Music-TTA

Runtime error

Music-TTA / diffusers /docs /source /en /api /pipelines /stable_unclip.mdx

hungchiayu1

initial commit

ffead1e over 1 year ago

6.61 kB

	<!--Copyright 2023 The HuggingFace Team. All rights reserved.

	Licensed under the Apache License, Version 2.0 (the "License"); you may not use this file except in compliance with
	the License. You may obtain a copy of the License at

	http://www.apache.org/licenses/LICENSE-2.0

	Unless required by applicable law or agreed to in writing, software distributed under the License is distributed on
	an "AS IS" BASIS, WITHOUT WARRANTIES OR CONDITIONS OF ANY KIND, either express or implied. See the License for the
	specific language governing permissions and limitations under the License.
	-->

	# Stable unCLIP

	Stable unCLIP checkpoints are finetuned from [stable diffusion 2.1](./stable_diffusion_2) checkpoints to condition on CLIP image embeddings.
	Stable unCLIP also still conditions on text embeddings. Given the two separate conditionings, stable unCLIP can be used
	for text guided image variation. When combined with an unCLIP prior, it can also be used for full text to image generation.

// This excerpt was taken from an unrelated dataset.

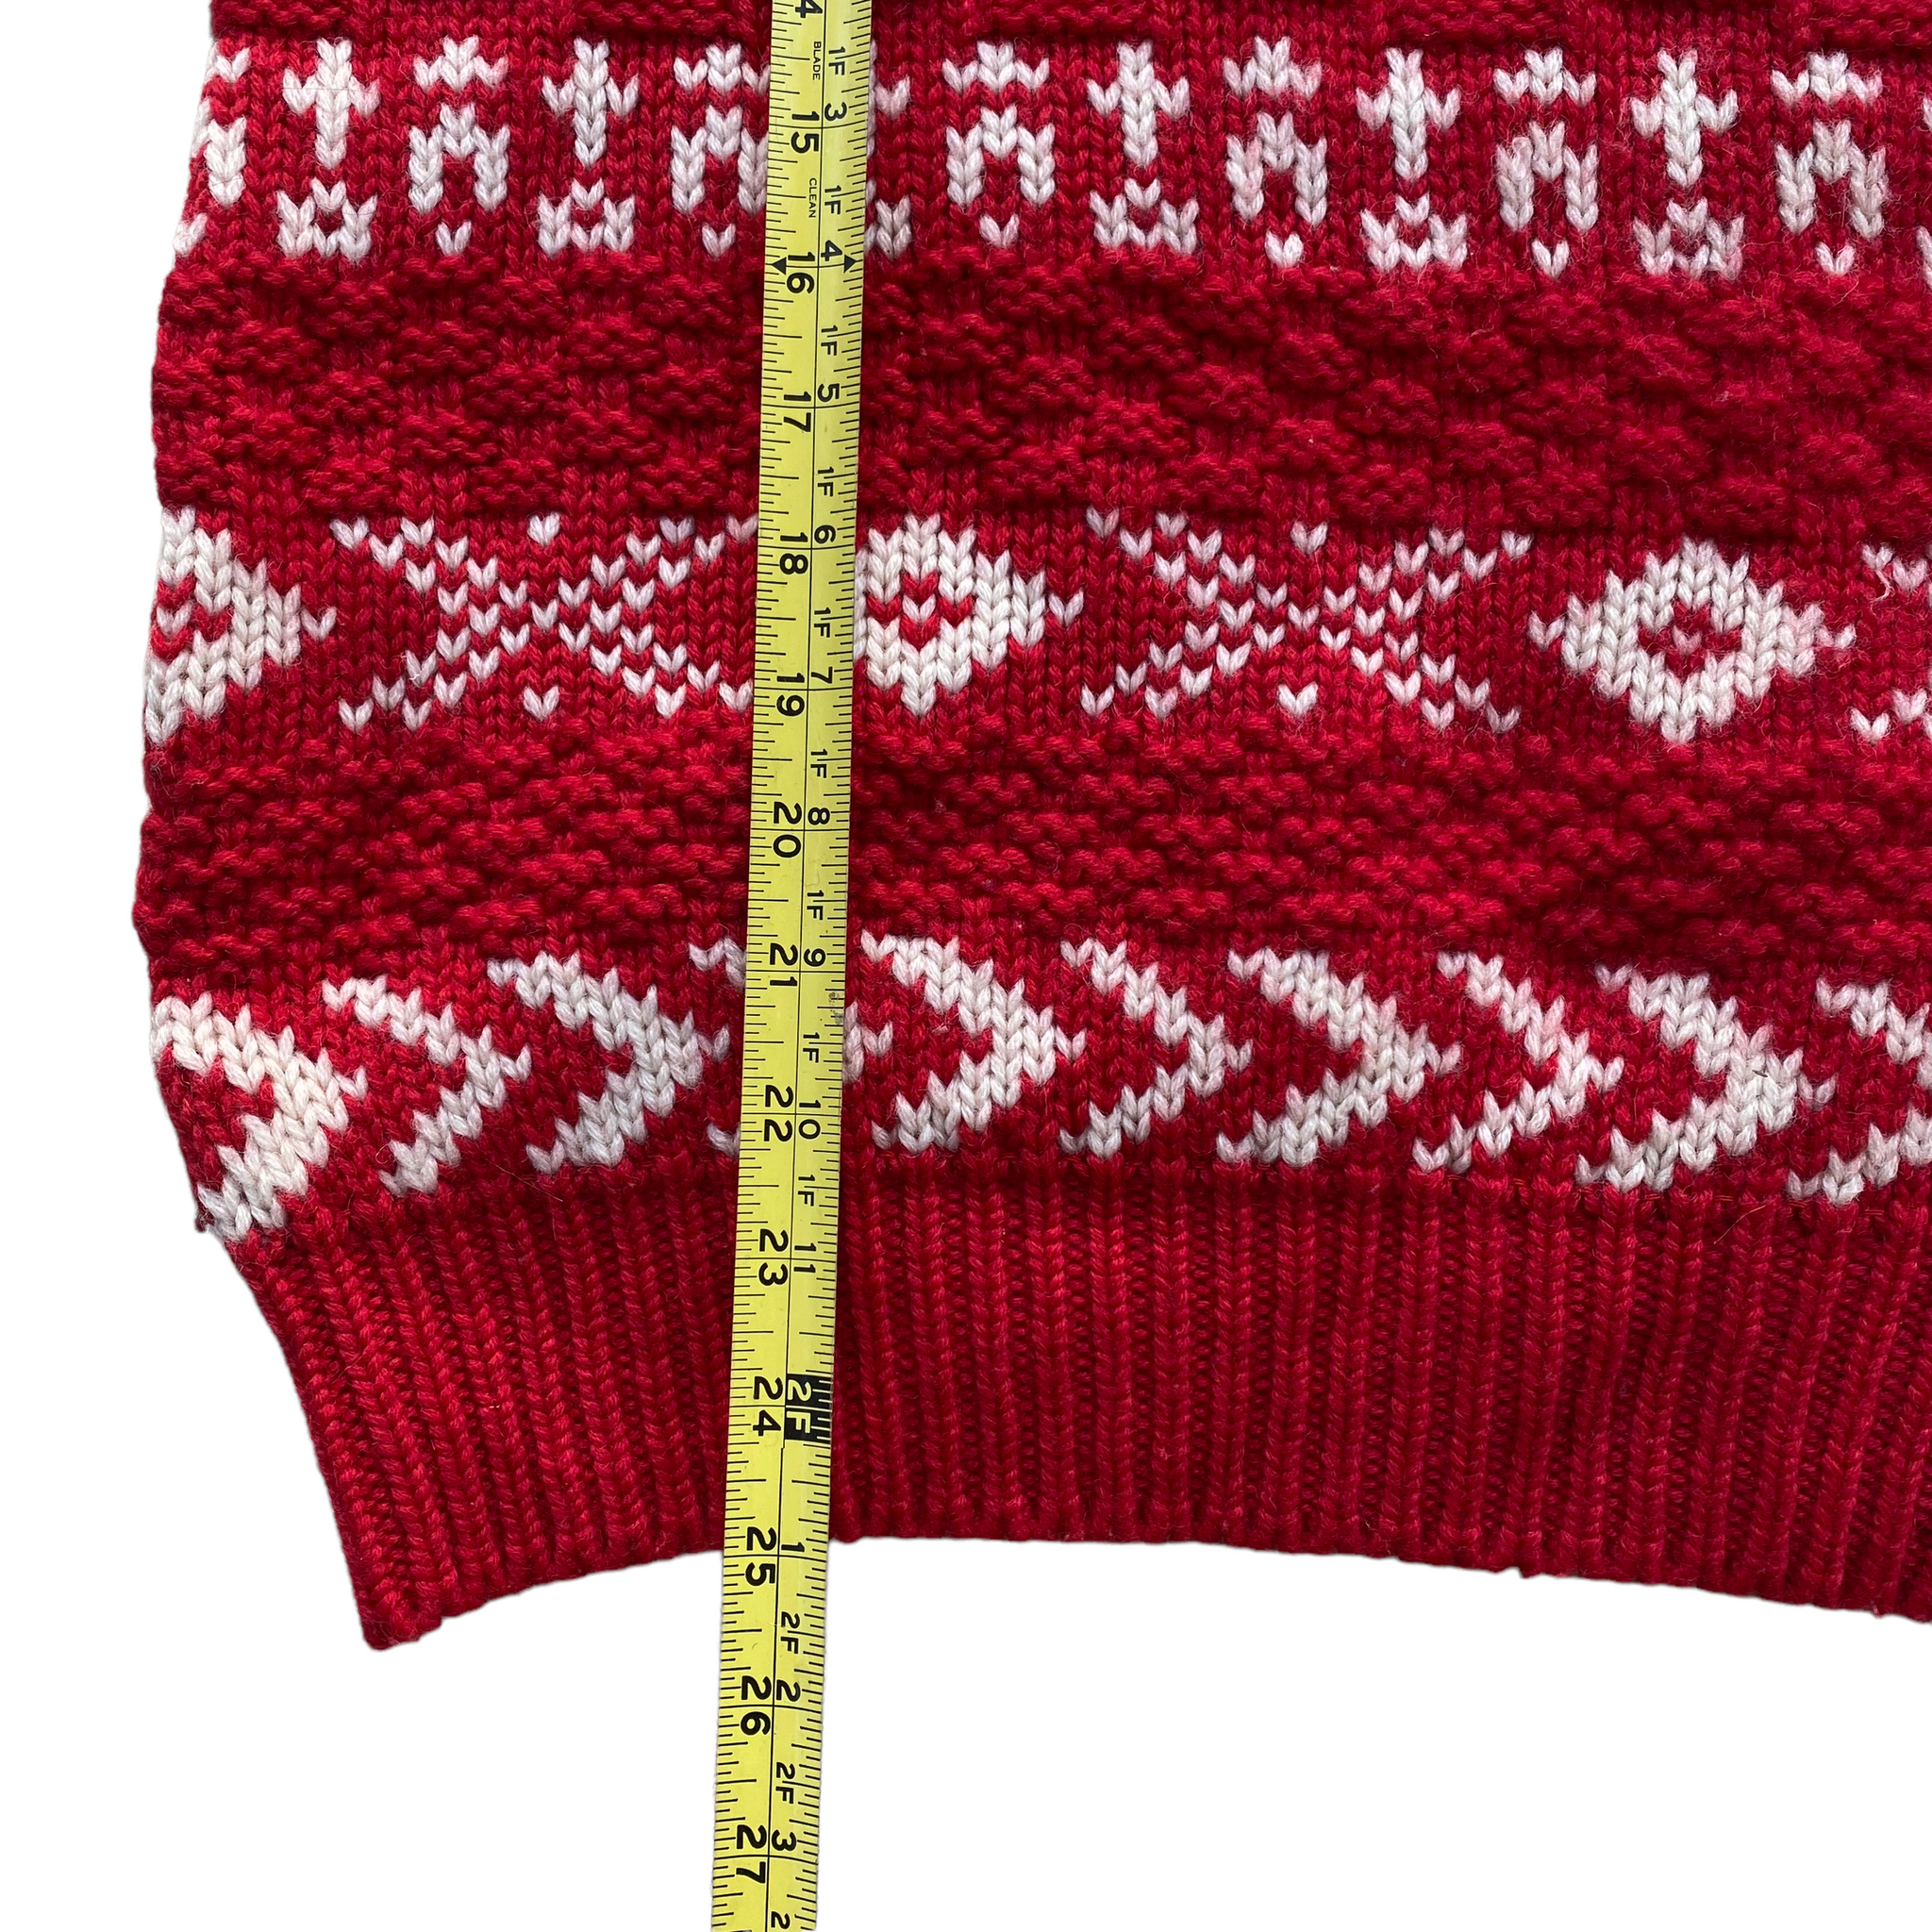 90s Gap pure wool sweater XL

	To know more about the unCLIP process, check out the following paper:

	[Hierarchical Text-Conditional Image Generation with CLIP Latents](https://arxiv.org/abs/2204.06125) by Aditya Ramesh, Prafulla Dhariwal, Alex Nichol, Casey Chu, Mark Chen.

	## Tips

	Stable unCLIP takes a `noise_level` as input during inference. `noise_level` determines how much noise is added
	to the image embeddings. A higher `noise_level` increases variation in the final un-noised images. By default,
	we do not add any additional noise to the image embeddings i.e. `noise_level = 0`.

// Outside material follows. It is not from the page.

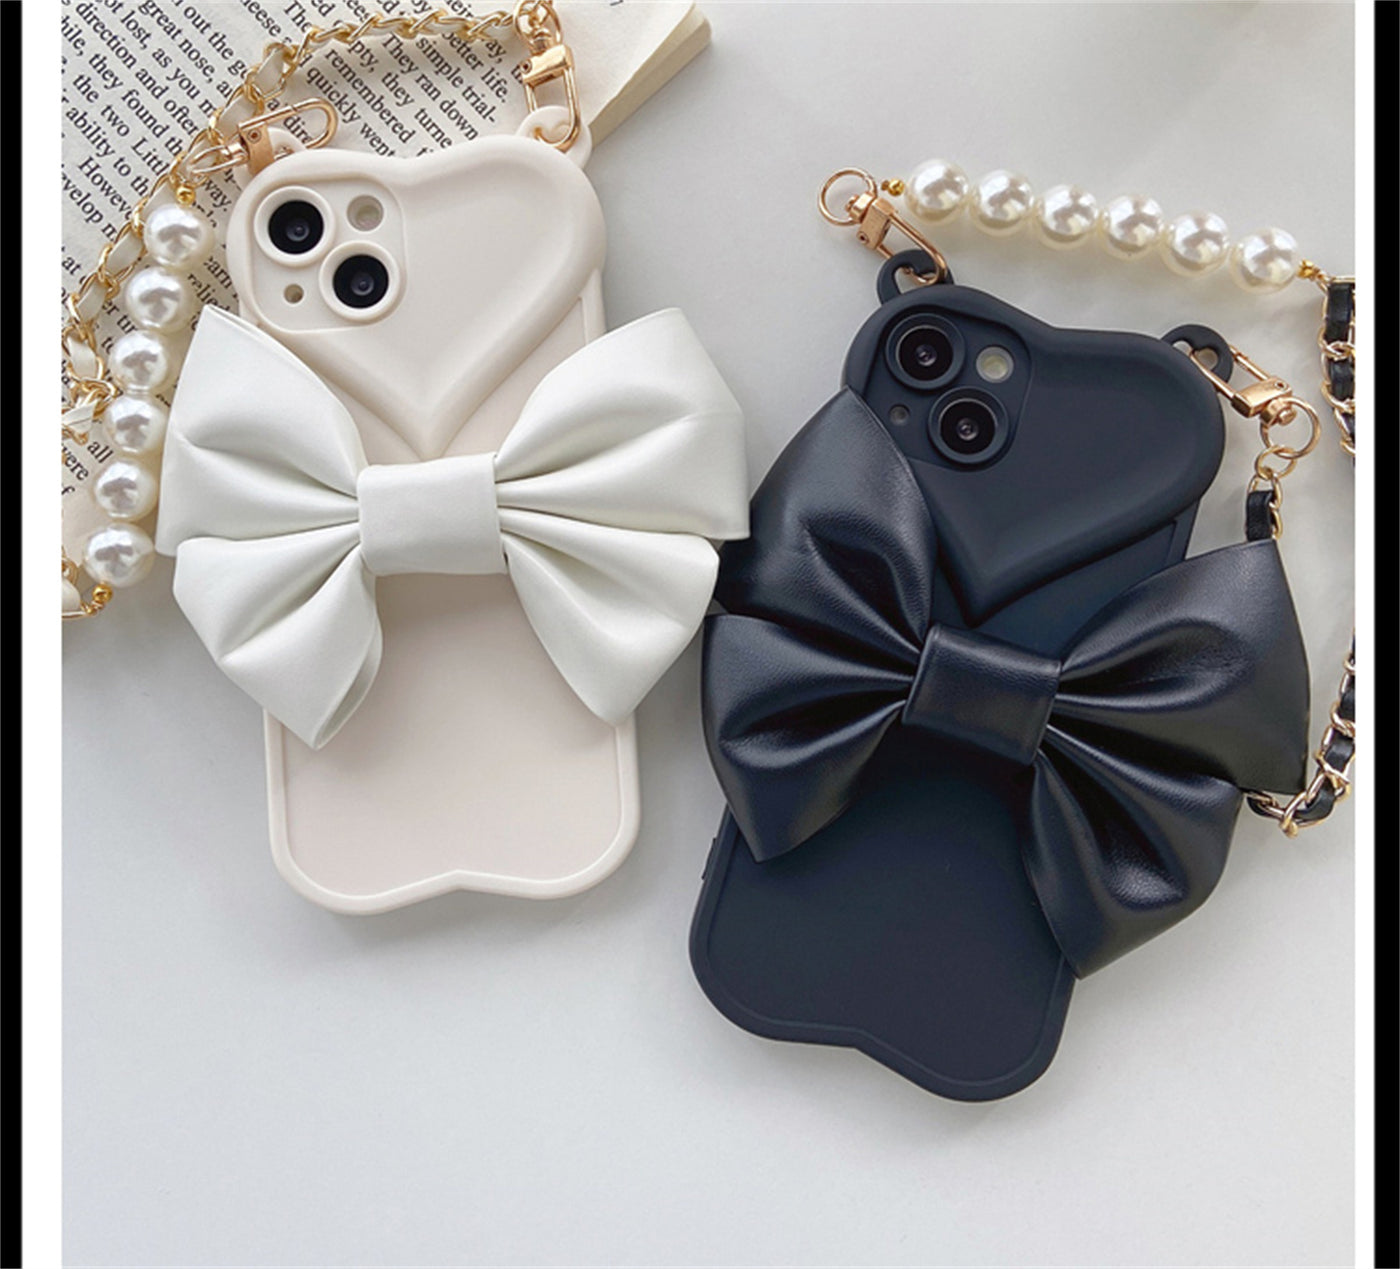 Luxury Heart & Leather Bow Bracelet Chain Phone Case

	### Available checkpoints:

	* Image variation
	* [stabilityai/stable-diffusion-2-1-unclip](https://hf.co/stabilityai/stable-diffusion-2-1-unclip)
	* [stabilityai/stable-diffusion-2-1-unclip-small](https://hf.co/stabilityai/stable-diffusion-2-1-unclip-small)
	* Text-to-image
	* [stabilityai/stable-diffusion-2-1-unclip-small](https://hf.co/stabilityai/stable-diffusion-2-1-unclip-small)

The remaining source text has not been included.